The Montenegrin president added that there are two overriding problems facing federal Yugoslavia. The first is that of democracy. No change is possible under Milosevic, and the only hope for saving the federation is for the Serbian opposition to come to power as soon as possible. For its part, Montenegro will do what it can to help them.
The second issue is Kosovo. Djukanovic feels that the international community underestimated the magnitude of the problem, thinking that it was enough to defeat Milosevic militarily and send in NATO troops. As a result, the Montenegrin leader argues, KFOR and the UN were unprepared for dealing with the growing Kosovar Albanian desire for independence. Djukanovic stressed that independence for Kosovo will lead to the creation of a Greater Albania that will include Albania and parts of Montenegro and Macedonia as well as Kosovo. And that will cause as much conflict in the Balkans as did Milosevic's campaign for a Greater Serbia.
Turning to his own record, Djukanovic conceded that "democracy is not perfect" in Montenegro. He argued, however, that even if state television is controlled by his party, there are ample alternatives on the media scene in which others can present their views. The development of democracy, moreover, and that of the economy will go hand in hand.
He further stressed that part of Montenegro's problems with democracy stem from the fact that it remains part of an undemocratic federation. In this vein, he denied that Montenegro played a key role in Milosevic's wars in Croatia and Bosnia. But a member of the audience reminded him that he was Montenegrin prime minister for much of that time, and cannot count on people having "short memories" about this. (Patrick Moore)

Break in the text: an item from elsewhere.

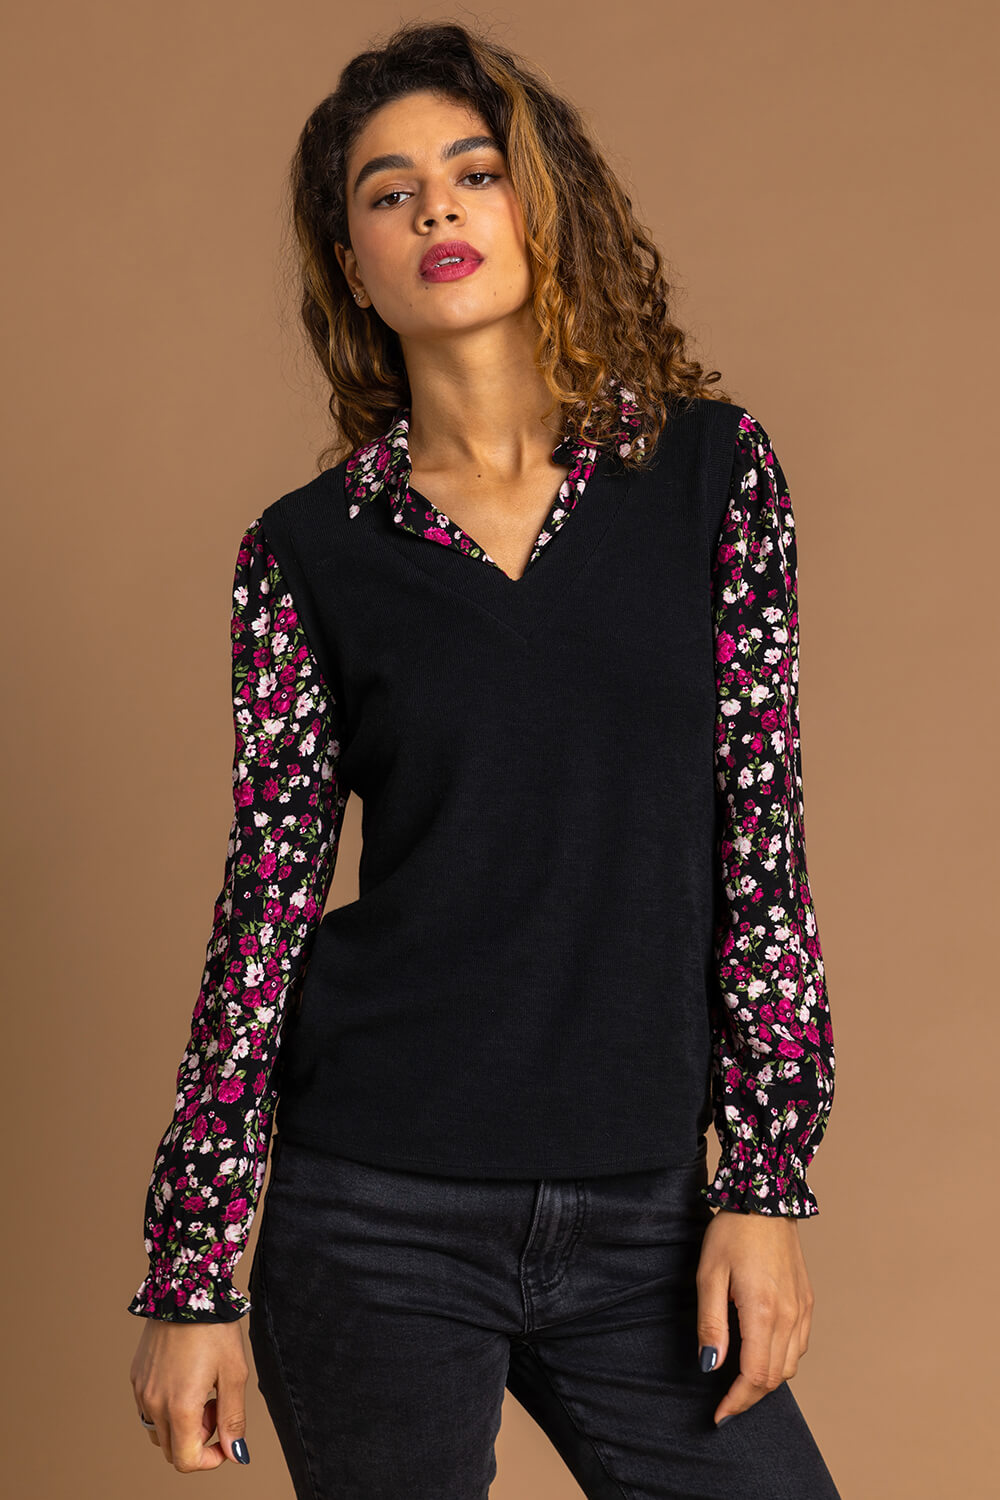 Floral Print Sweater Vest Long Sleeve Top
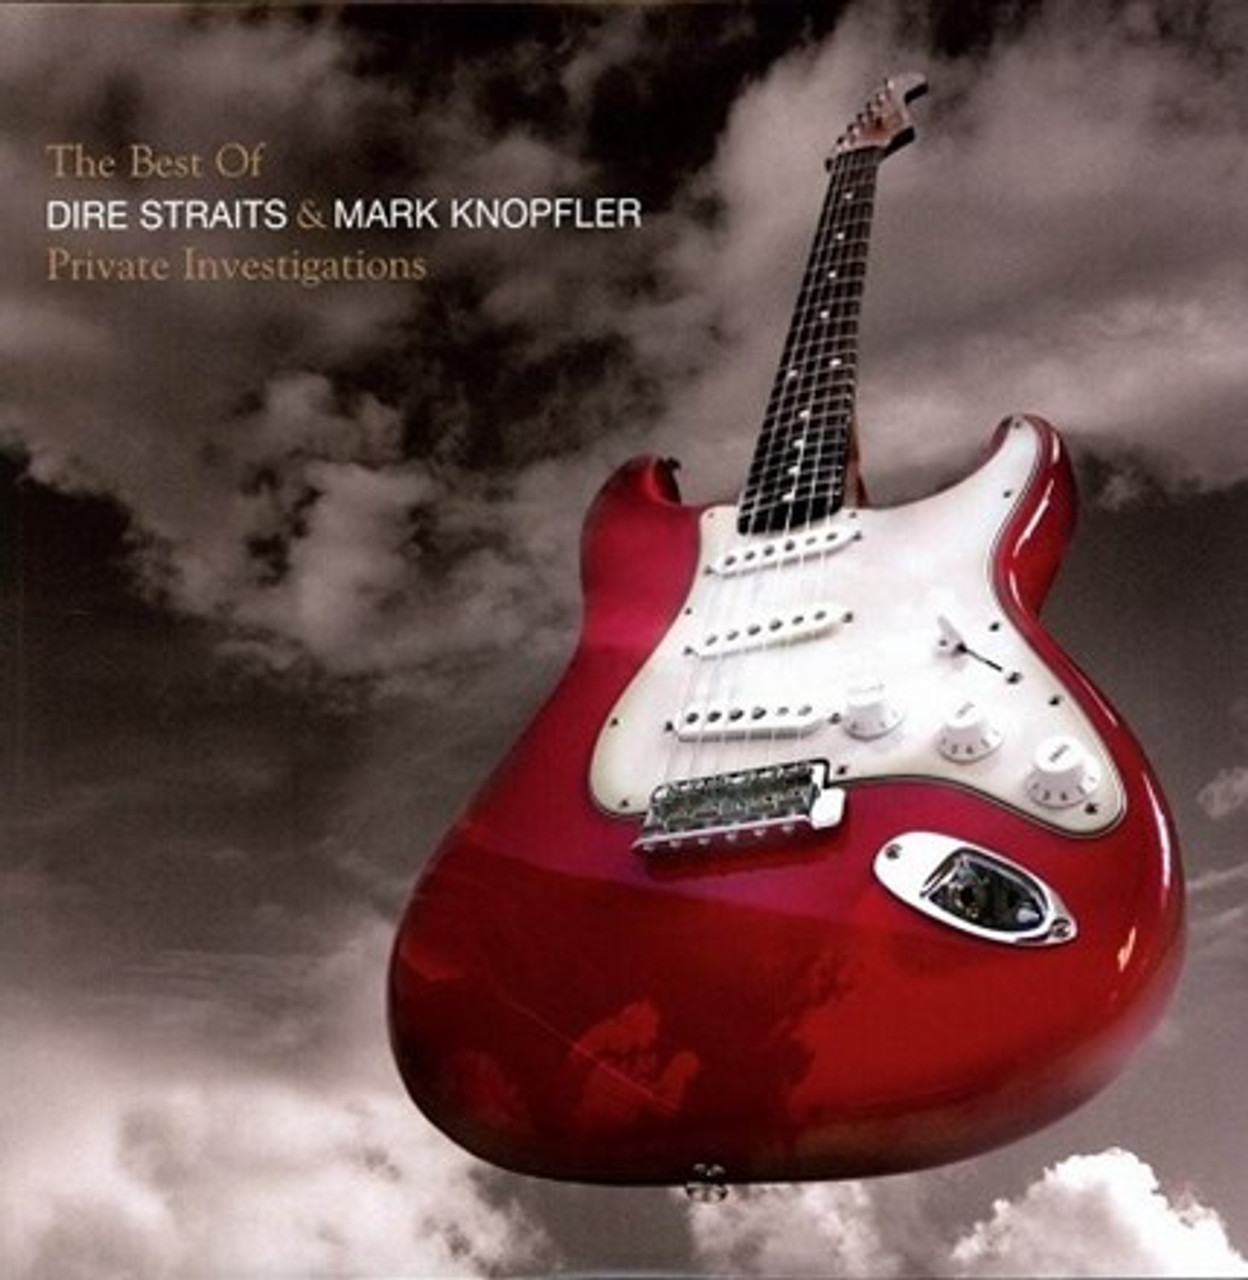 Dire Straits' Mark Knopfler announces new album: Listen to

Another View Of Montenegro. Djukanovic and his allies have, in fact, largely succeeded in persuading Western governments that they are good democrats who want to bring Montenegro into an open, progressive Europe. The Djukanovic team does not like to recall that he was originally part of the pro-Milosevic network of Momir Bulatovic, or that he is widely regarded as having made big money as a war profiteer.
The Montenegrin president's best known enemies are Milosevic's circle in Belgrade and Bulatovic's allies back home. But a different sort of critical view of Djukanovic comes from Slavko Perovic. He is the long-standing head of the Liberal Alliance of Montenegro and recently gave an interview to RFE/RL's Srdjan Kusovac.
Perovic's fundamental argument is that Djukanovic and his police chief Vukasin Maras are unrestructured communists who espouse independence only in order to win votes. Djukanovic's feud with Milosevic is one between two war profiteers, not between a dictator and a democrat.
The Liberal leader says that Djukanovic manipulated the 1997 election results and that Maras's police are "the only shop that functions" in today's Montenegro. Official institutions like the Pen Club never fully broke with their communist past or with the state. The really independent institutions and free media in Montenegro are those that the Liberal Alliance helped found. Montenegro remains in essence a neo-communist polity with "mafia attributes."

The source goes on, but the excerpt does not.